__INFORMATION PROVIDED__:
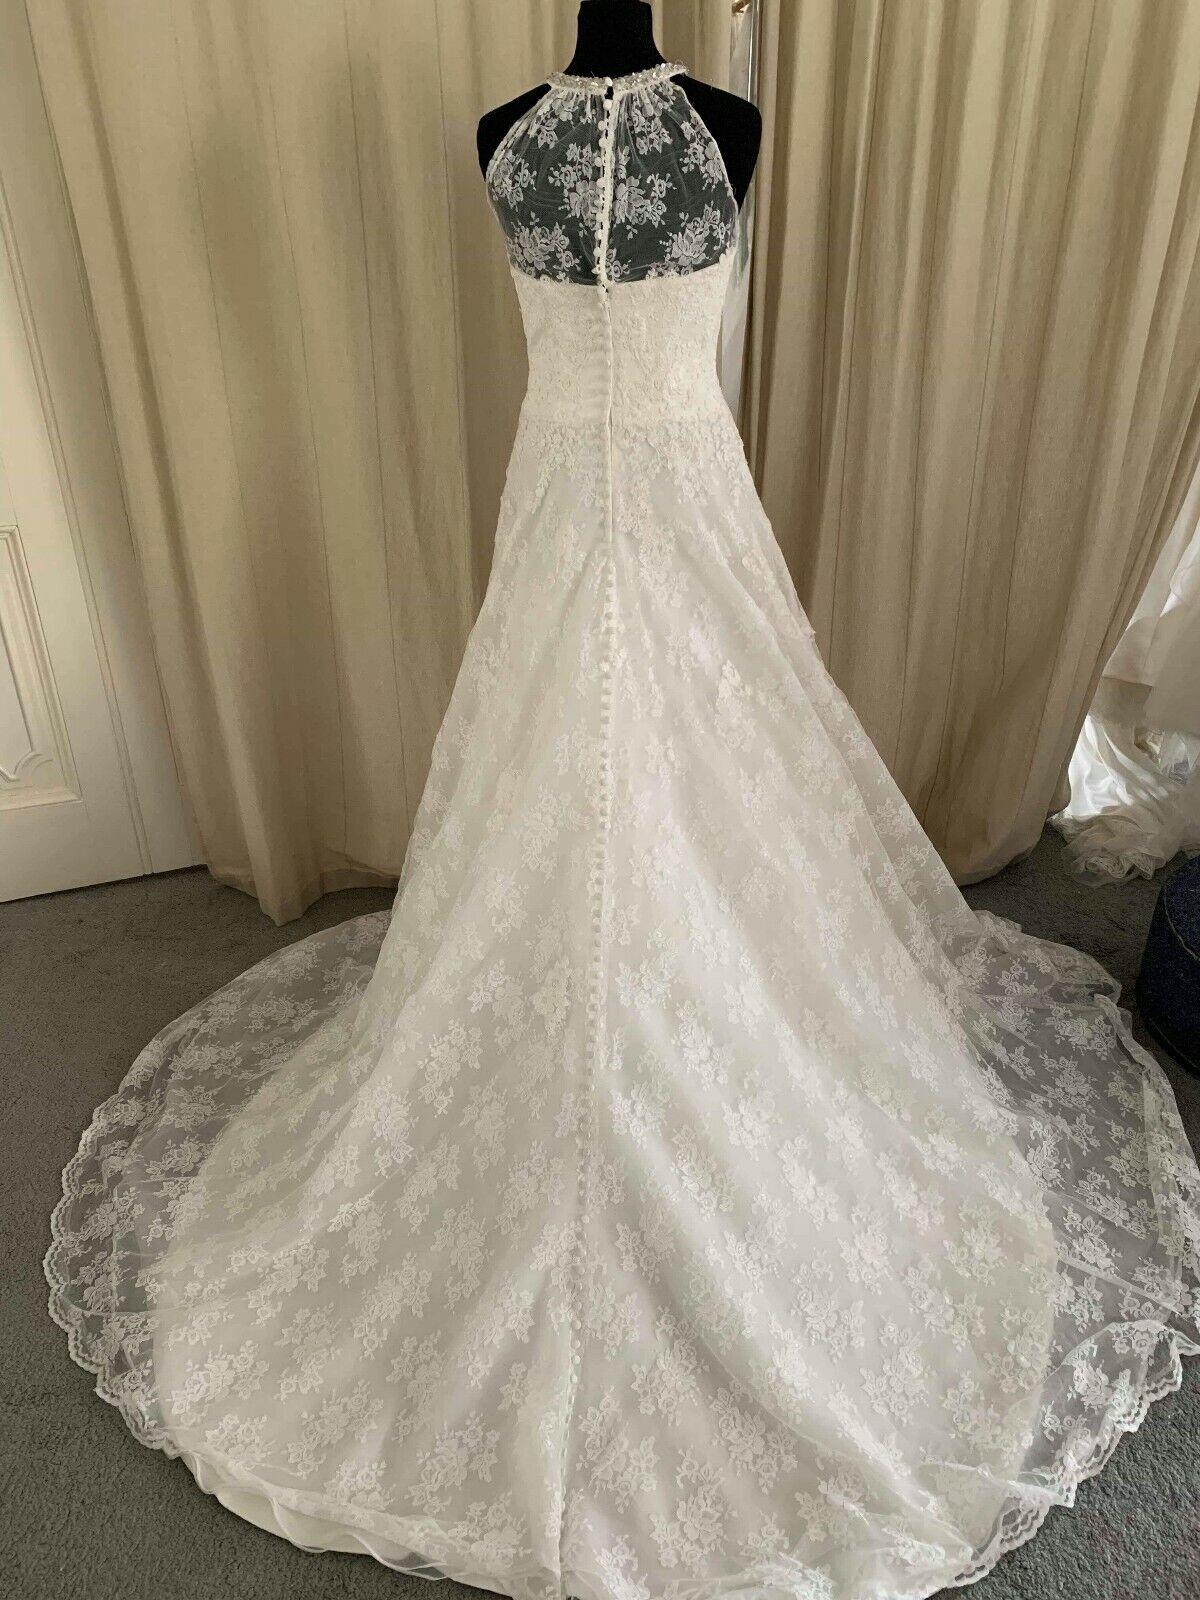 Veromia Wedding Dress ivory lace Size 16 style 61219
* * *
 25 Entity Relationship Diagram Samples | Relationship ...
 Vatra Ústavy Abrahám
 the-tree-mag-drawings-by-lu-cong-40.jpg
--
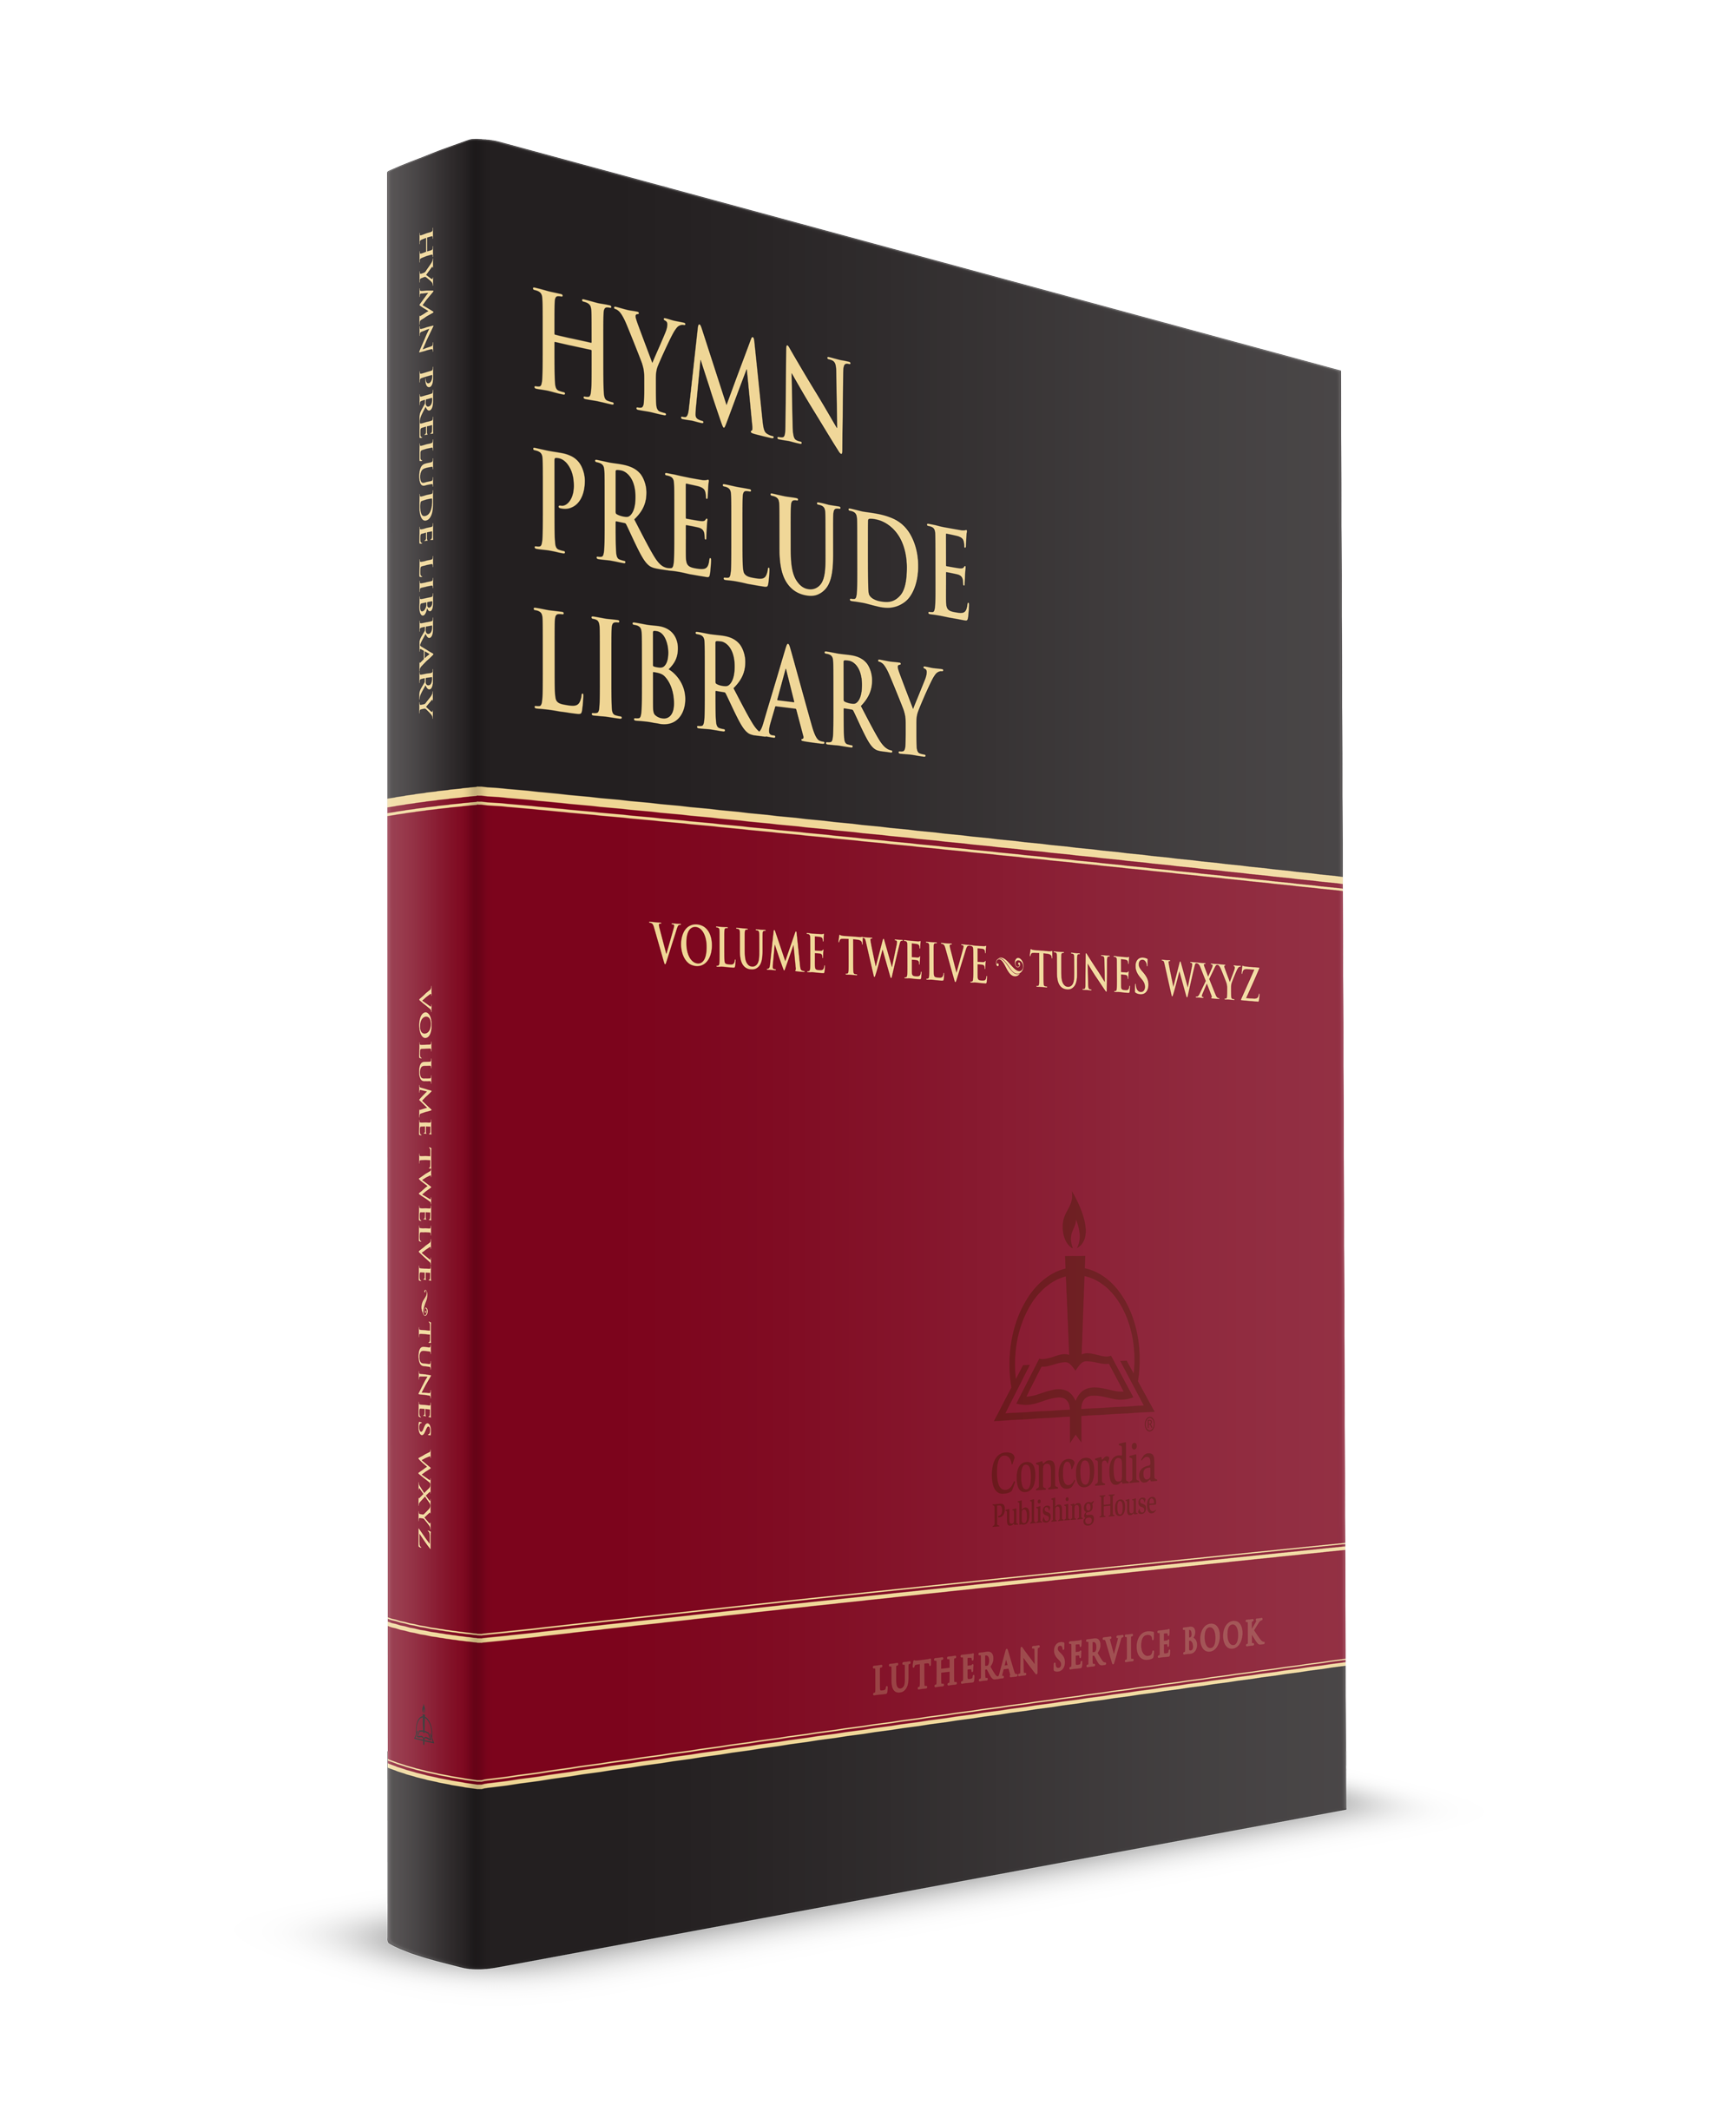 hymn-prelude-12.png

__REQUIREMENT__: Only the lines above from the one with "Vatra Ústavy Abrahám" up to and including the one with "the-tree-mag-drawings-by-lu-cong-40.jpg" should be repeated, exactly as written.

__EXERCISE OUTPUT__:
 Vatra Ústavy Abrahám
 the-tree-mag-drawings-by-lu-cong-40.jpg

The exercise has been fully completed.